"Vi do la mia pace" (Gv 14,27) – La pace come dono di Dio in Cristo Gesù

Prima Predica di Avvento 2014 di padre Raniero Cantalamessa, ofmcap / Testo integrale

Print Friendly, PDF & Email
Share this Entry

Riportiamo di seguito il testo della Prima Predica di Avvento 2014, tenuta questa mattina in Vaticano da padre Raniero Cantalamessa, ofmcap., predicatore della Casa Pontificia.

***

1. Siamo in pace con Dio!

Se si potesse ascoltare il grido più forte che c’è nel cuore di miliardi di persone, si udrebbe, in tutte le lingue del mondo, una parola sola: pace! La dolorosa attualità di questo tema, unita alla necessità di ridare alla parola pace la ricchezza e la profondità di significato che essa riveste nella Bibbia, mi ha spinto a dedicare a questo tema le meditazioni di Avvento di quest’anno. Ci aiuterà, spero, ad ascoltare con orecchi nuovi l’annuncio natalizio: “Pace in terra agli uomini che Dio ama” e anche a cominciare a vivere al nostro interno il messaggio che la Chiesa si appresta, come ogni anno, a rivolgere al mondo nella giornata mondiale della pace.
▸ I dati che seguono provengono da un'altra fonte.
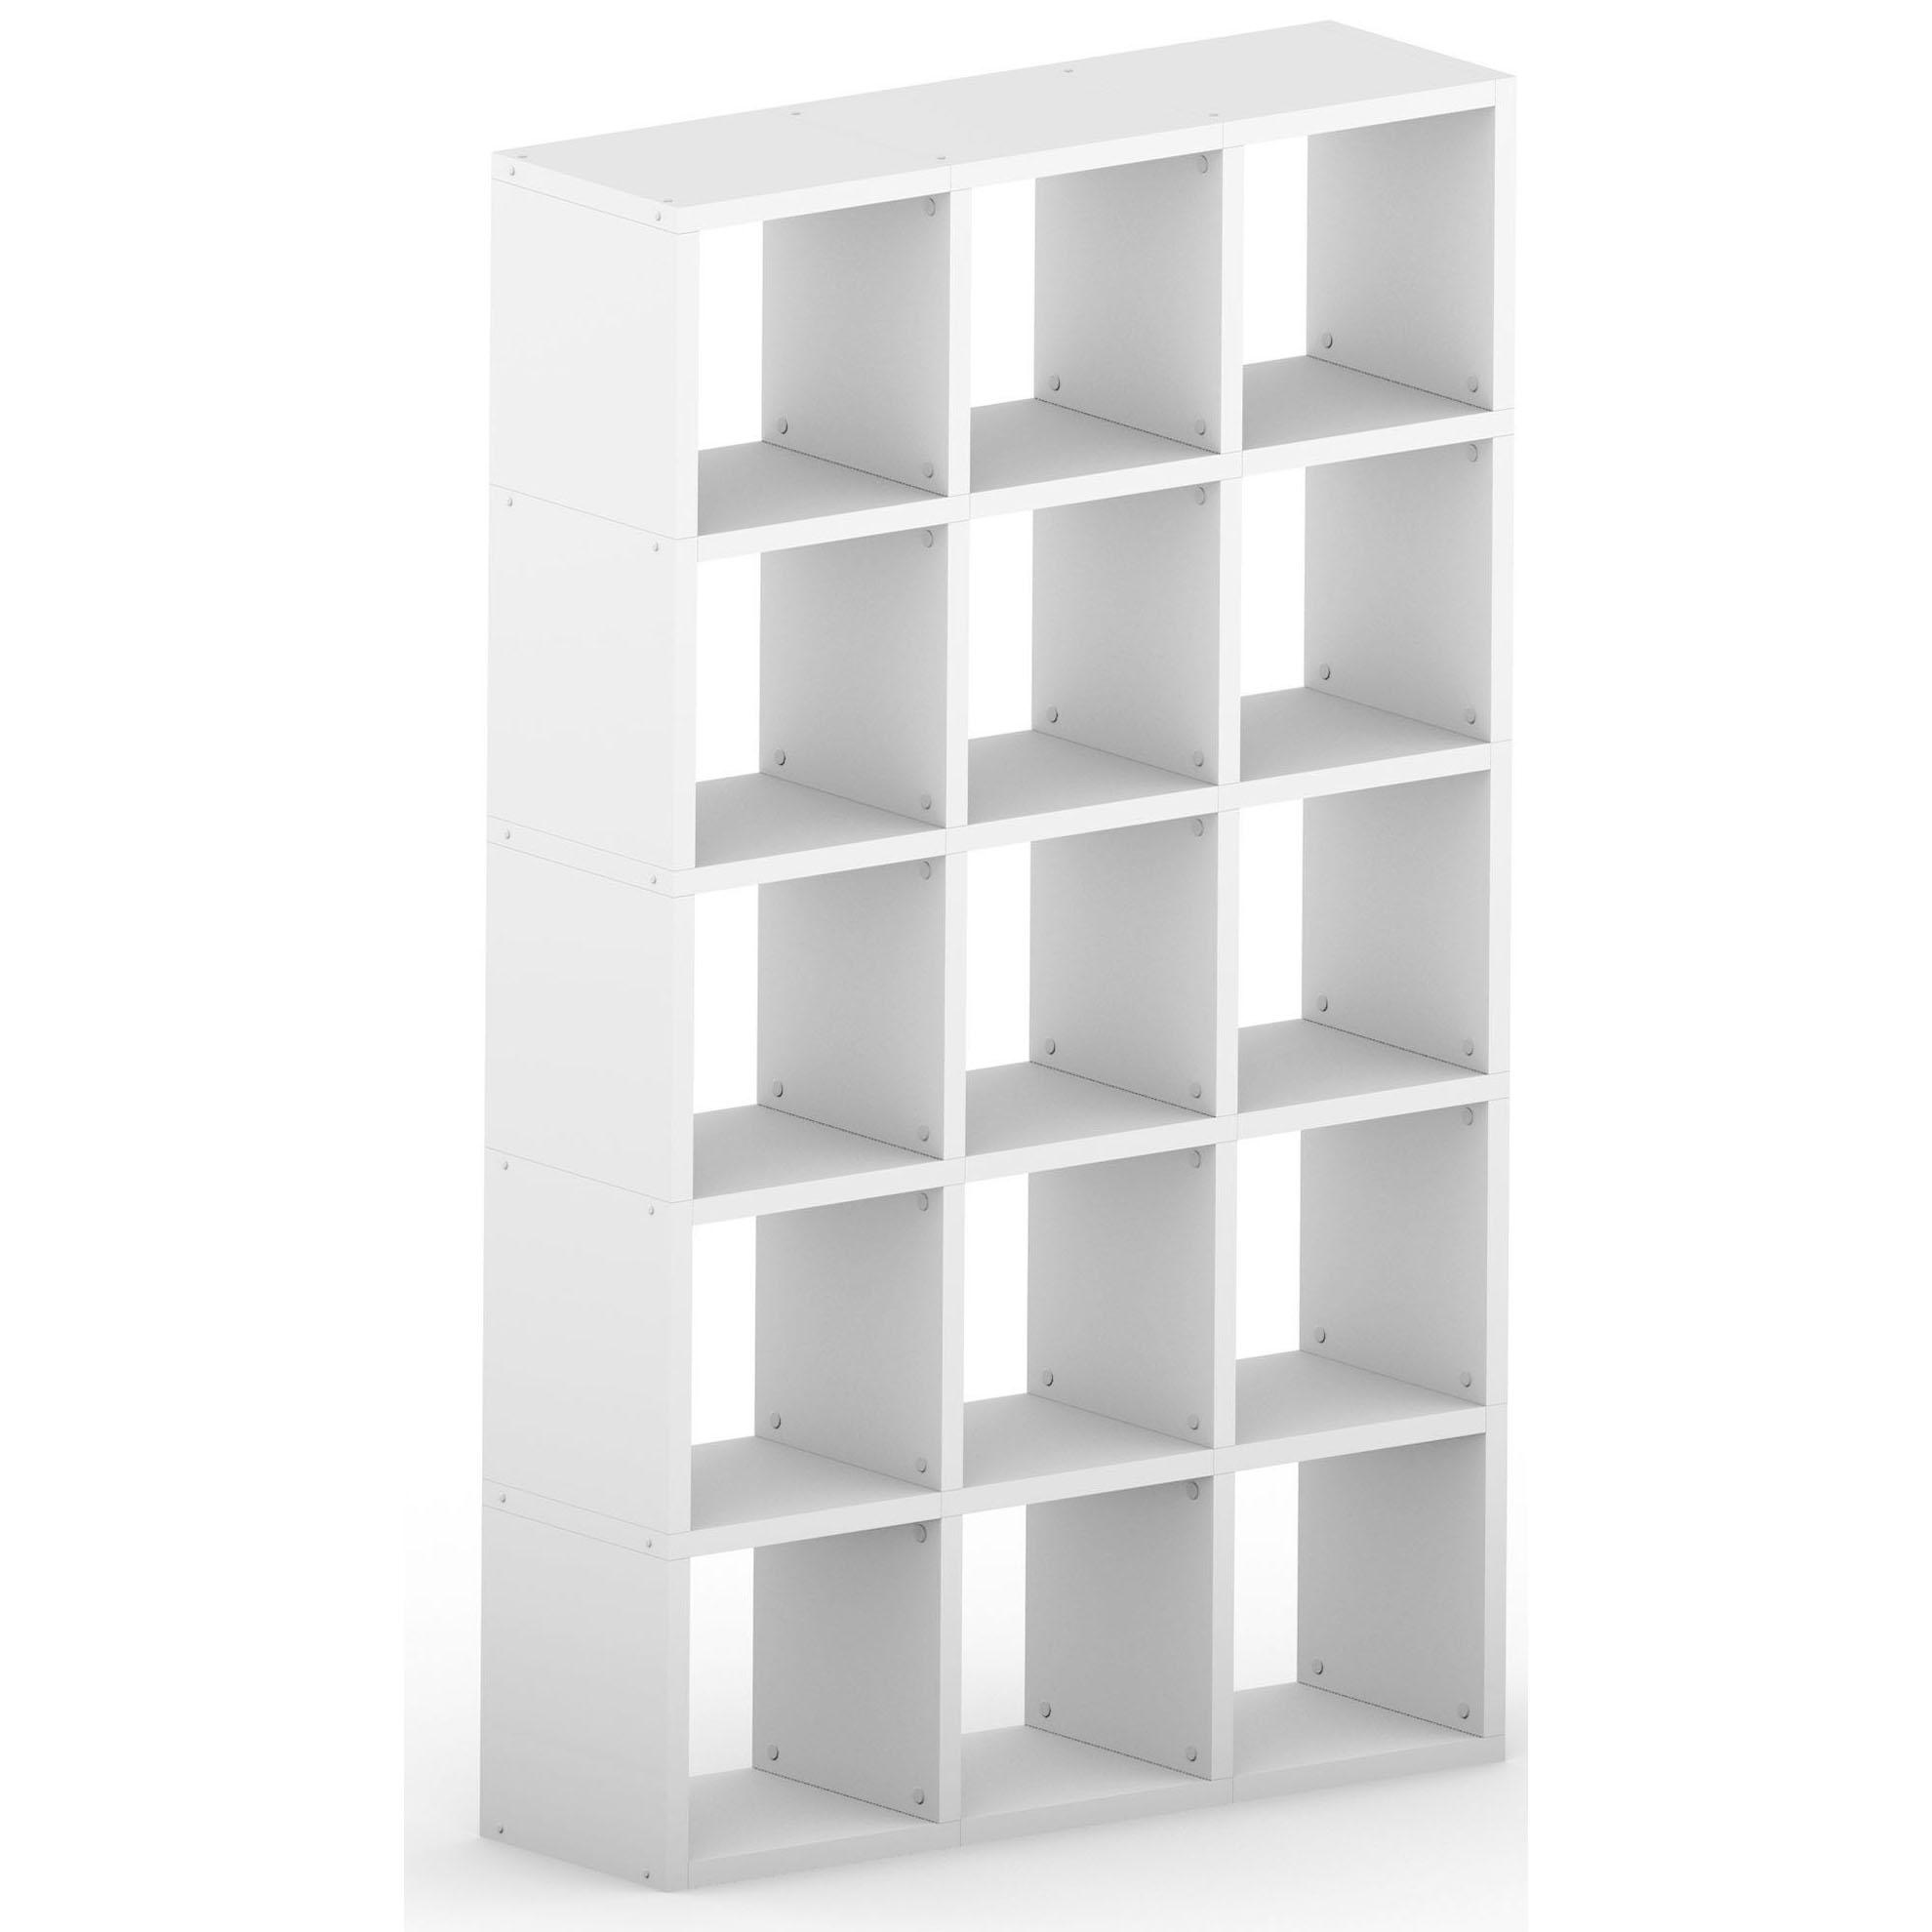 White Modular Cube 5x3 Vertical 1096l X 1808h X 328d

Cominciamo ascoltando l’annuncio fondamentale circa la pace. Sono parole di Paolo nella Lettera ai Romani:

”Giustificati dunque per fede, abbiamo pace con Dio per mezzo di Gesù Cristo, nostro Signore, mediante il quale abbiamo anche avuto, per la fede, l’accesso a questa grazia nella quale stiamo fermi; e ci gloriamo nella speranza della gloria di Dio (Rom 5, 1-2).
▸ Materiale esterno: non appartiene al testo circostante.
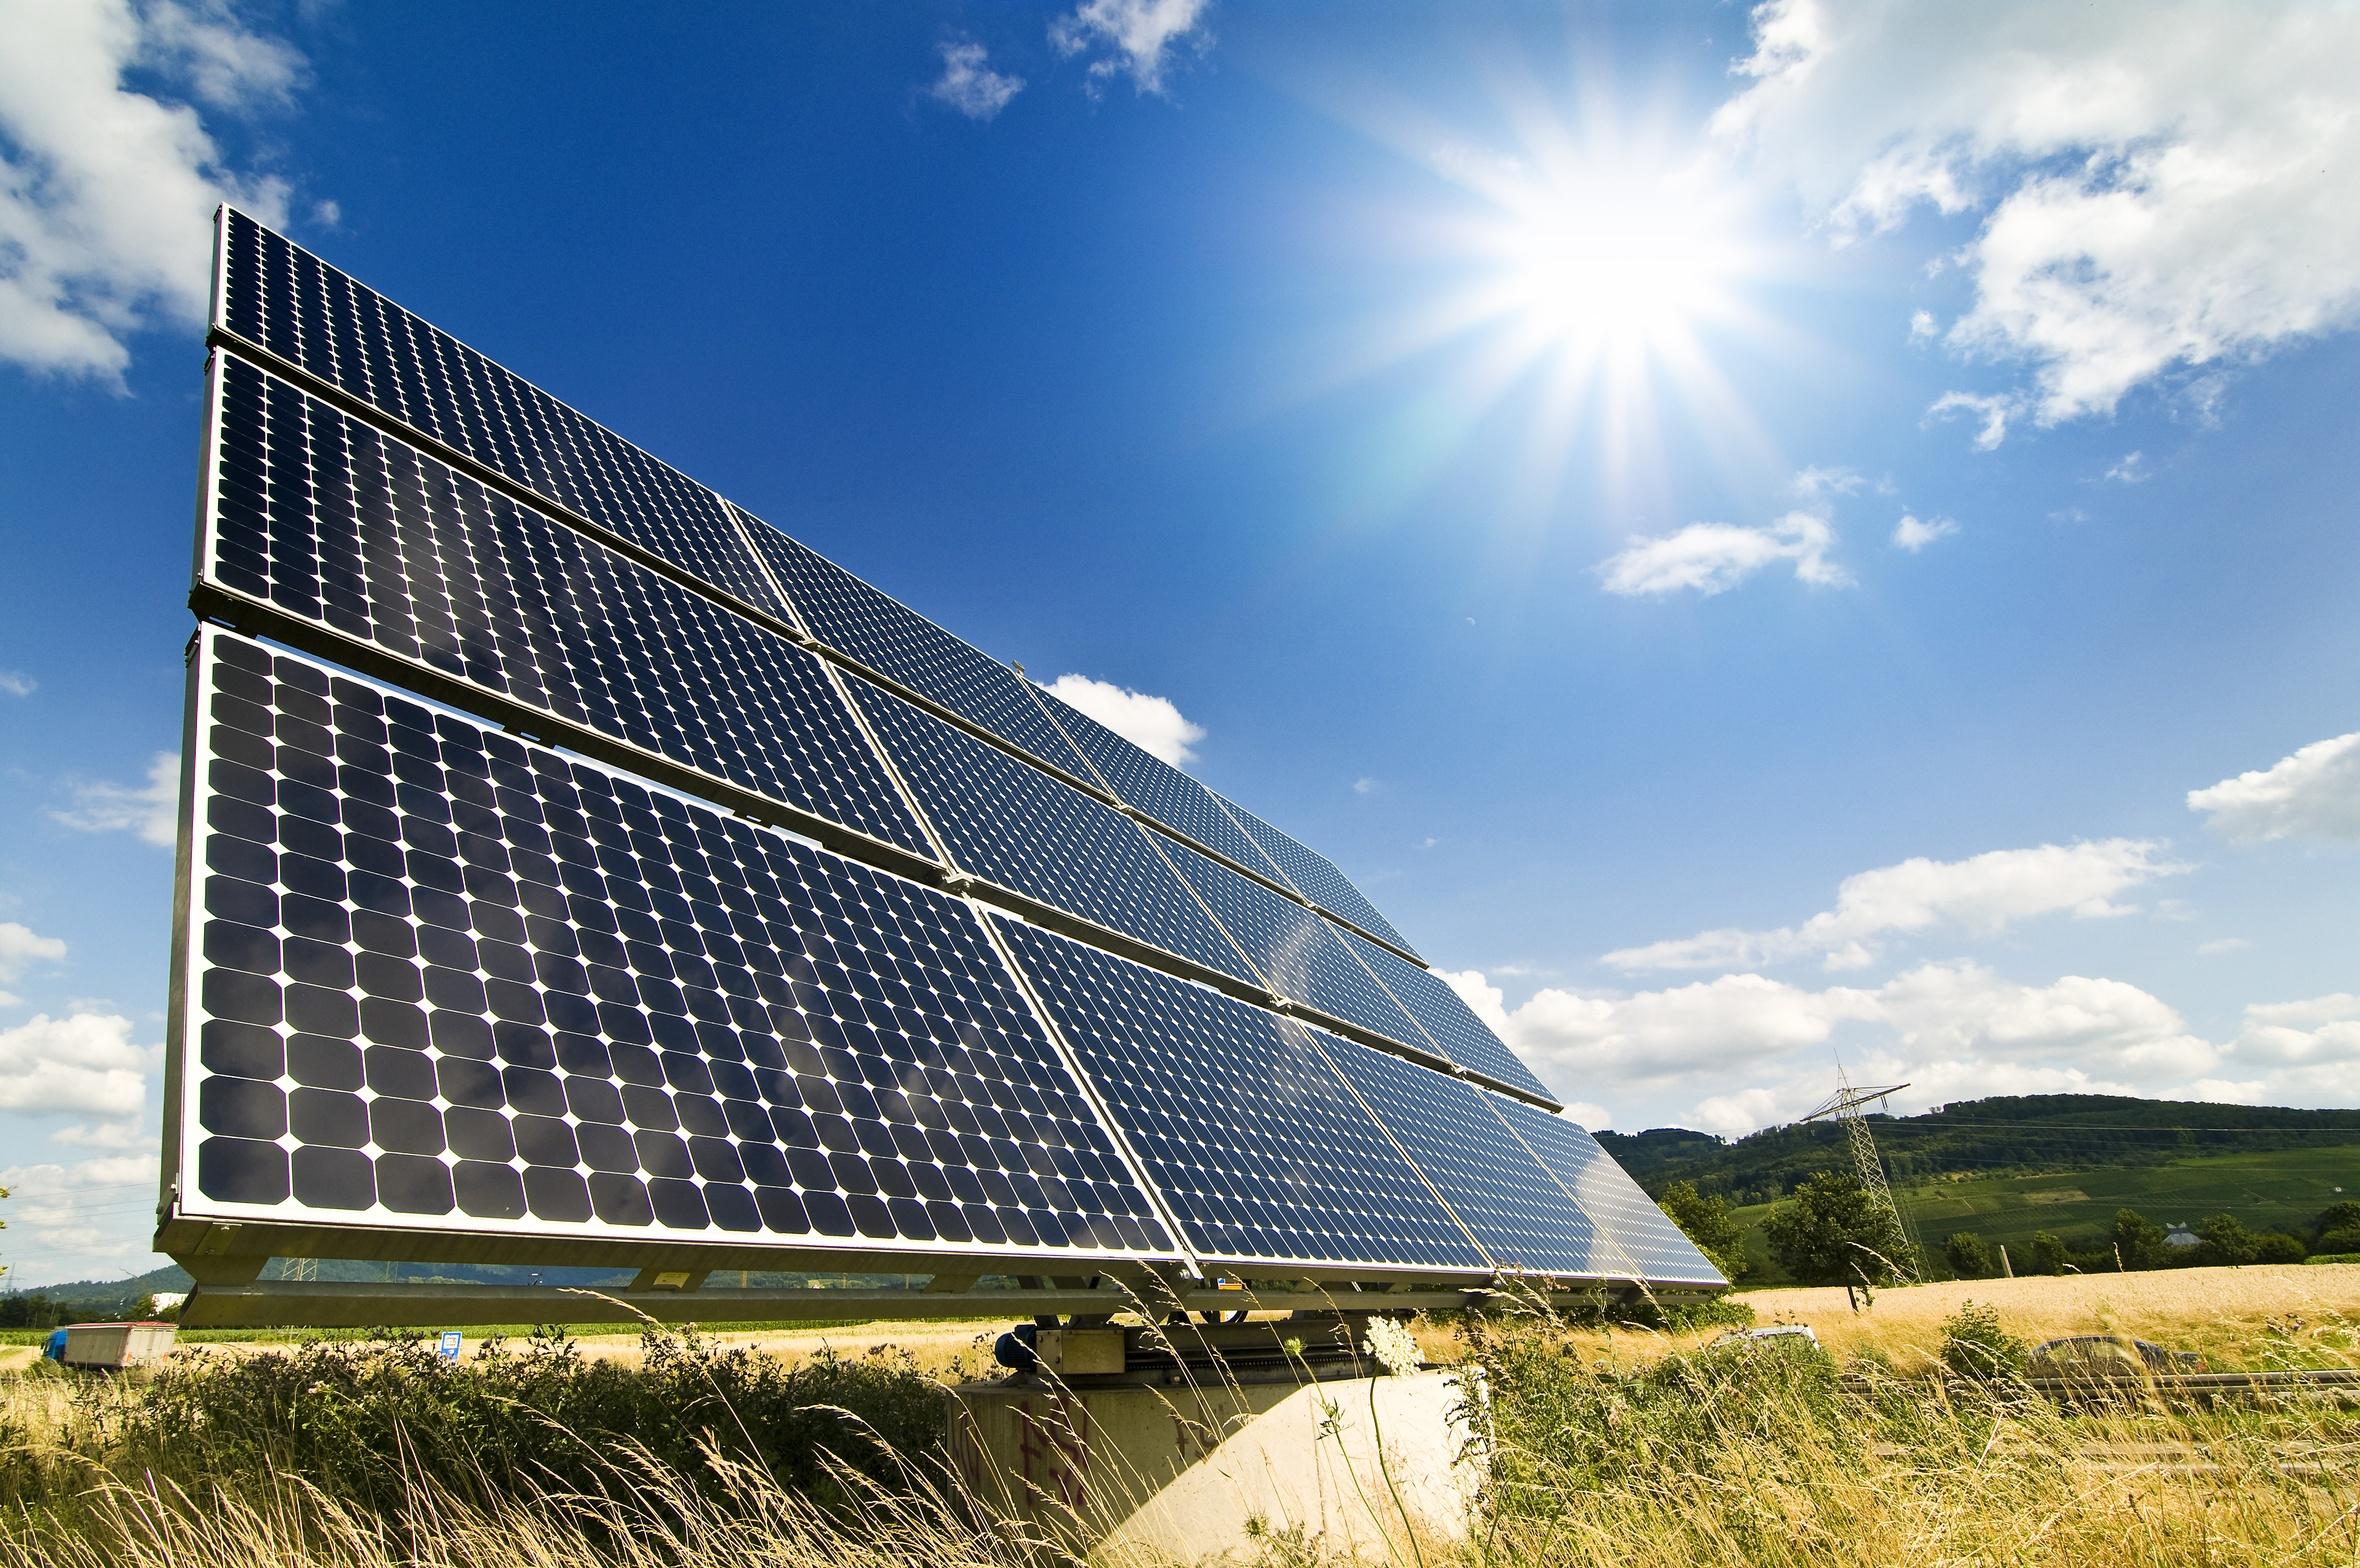 Erneuerbare Energien - Energieberatung Industrie

Io ricordo ancora quello che successe il giorno che finì, per l’Italia, la seconda guerra mondiale. Il grido “Armistizio! Pace!” rimbalzò dalla città alla campagna, di casa in casa. Era la fine di un incubo; non più terrore, non più bombardamenti, non più fame. Sembrava di tornare finalmente a vivere. Qualcosa del genere doveva provocare, nel cuore dei lettori, quell’annuncio dell’Apostolo: “Abbiamo pace con Dio! È stata fatta la pace! Un’era nuova è iniziata per l’umanità nel suo rapporto con Dio!” La loro è stata definita “un’epoca di angoscia”[1]. Gli uomini del tempo avevano l’impressione (tutt’altro che infondata) di una condanna che pesava sul loro capo; Paolo la chiama “la collera di Dio che si rivela dal cielo contro ogni empietà” (Rom 1, 18). Di qui, i riti e culti esoterici di propiziazione che pullulavano nella società pagana del tempo.

Quando parliamo di pace, noi siamo portati a pensare quasi sempre a una pace orizzontale: tra i popoli, tra le razze, le classi sociali, le religioni. La parola di Dio ci insegna che la prima e più essenziale pace è quella verticale, tra cielo e terra, tra Dio e l’umanità. Da essa dipendono tutte le altre forme di pace. Lo vediamo nel racconto stesso della creazione. Finché Adamo ed Eva sono in pace con Dio, c’è pace dentro ognuno di loro tra carne e spirito (erano nudi e non ne provavano vergogna), c’è pace tra l’uomo e la donna (“carne della mia carne”), tra l’essere umano e il resto della creazione. Appena essi si ribellano a Dio, tutto entra in lotta: la carne contro lo spirito (si accorgono di essere nudi), l’uomo contro la donna (“la donna mi ha sedotto”), la natura contro l’uomo (spine e triboli), il fratello contro il fratello, Caino contro Abele.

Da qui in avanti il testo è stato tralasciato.